However, the method of applying a DC voltage of the opposite polarity as described above is a method which is very effective in speeding up the removal of residual charges if the neutralization point of the charges can be accurately determined. However, it is difficult to actually make this determination within a range that does not hinder the attachment / detachment of the wafer. In many cases, charges of the opposite polarity are induced on the wafer, and the wafer is again attracted. In addition, since the neutralization rate of the residual charge also depends on the physical properties of the wafer and the surface state of the suction surface, there is a limit in determining the reverse potential application time by measuring the application time.

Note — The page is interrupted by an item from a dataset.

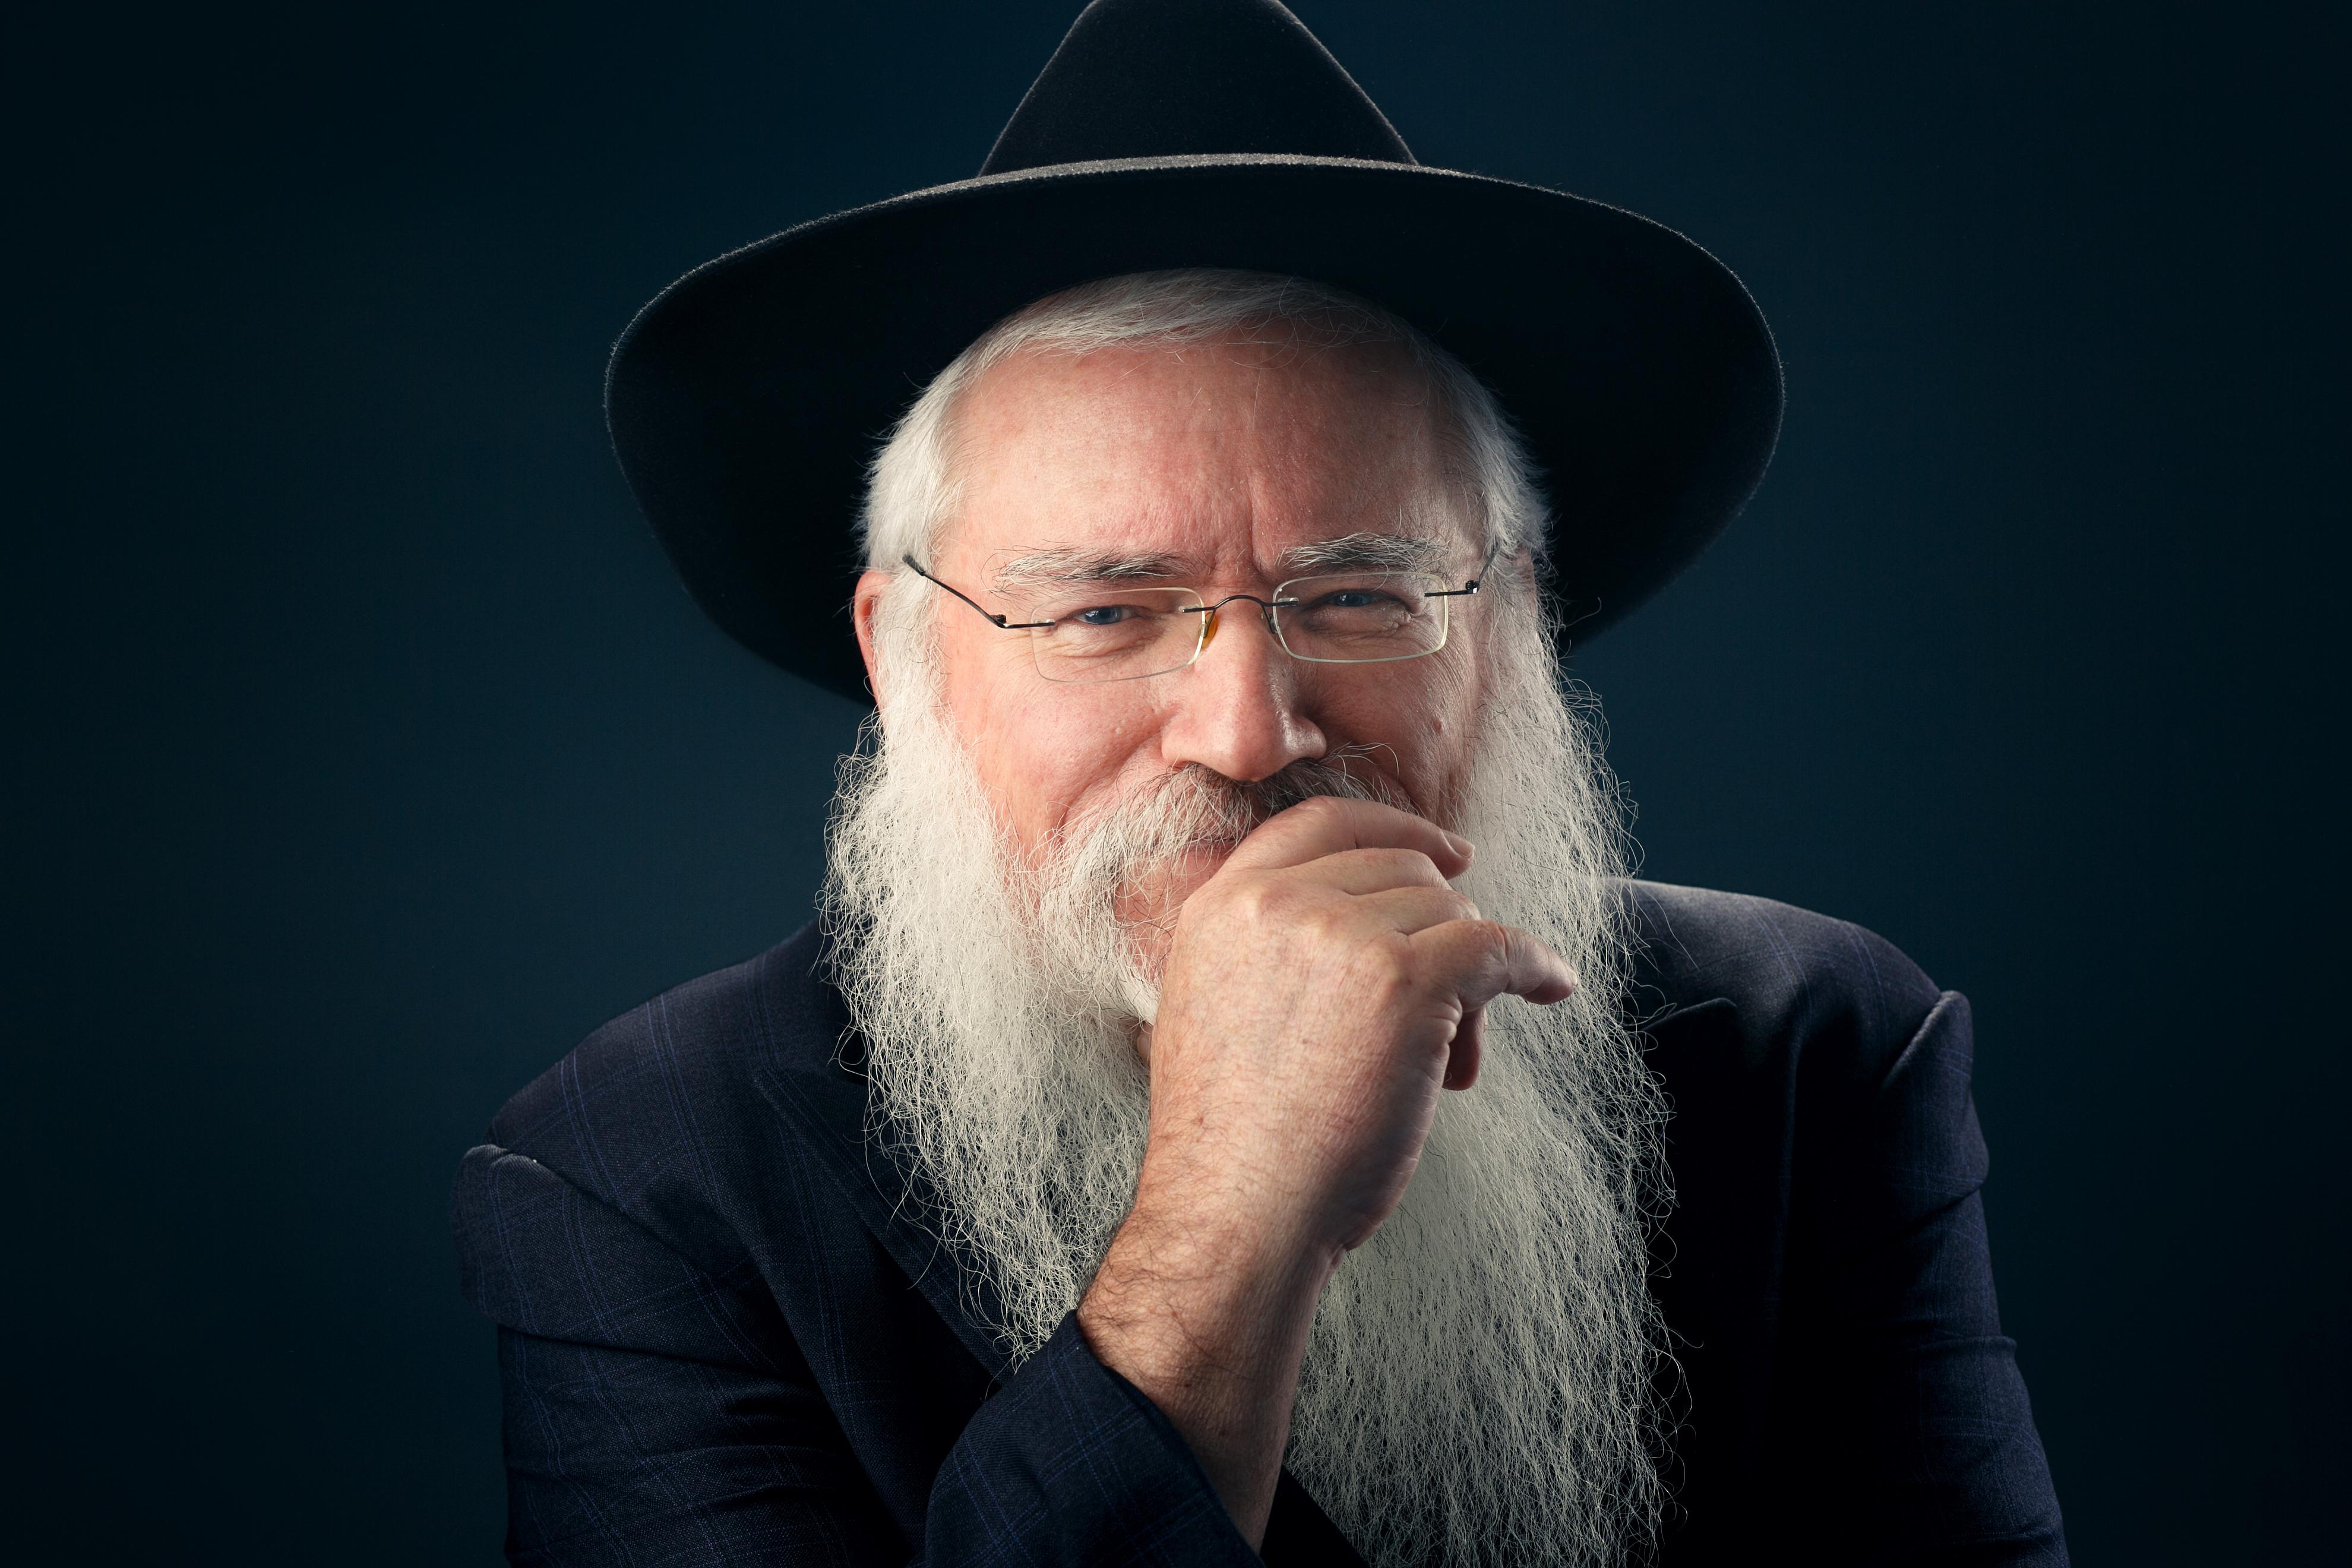 manis friedman, matisyahu goren, the long short way, judaism, spirituality, god

To solve this problem, for example, Japanese Unexamined Patent Publication No. 4-162443 discloses an electrode connected to a constant voltage power supply to which a voltage of a predetermined potential is applied, and an electrode connected to a constant current power supply having a voltage of an opposite potential. There is disclosed an electrostatic chuck device that includes an electrode to be applied and monitors a process of decreasing a voltage (proportional to a residual charge) between the two electrodes to detect a decrease in an attraction force. However, complication of the device configuration and control is inevitable.

Further, in the plasma CVD, the applicant of the present application has found experimentally that when the polarity of the voltage applied to the monopolar electrostatic chuck is switched immediately after film formation and the residual charge removal plasma is irradiated, the plasma is irradiated. The particle level on the wafer deteriorates over time. One of the causes is that the reaction product particles of the plasma floating near the wafer due to the effect of the Coulomb force of the electrostatic chuck during the film formation or the reaction product particles peeled off from the inner wall surface of the chamber cause the applied voltage to decrease. It is conceivable that the film is attracted to the surface of the wafer as the polarity is reversed.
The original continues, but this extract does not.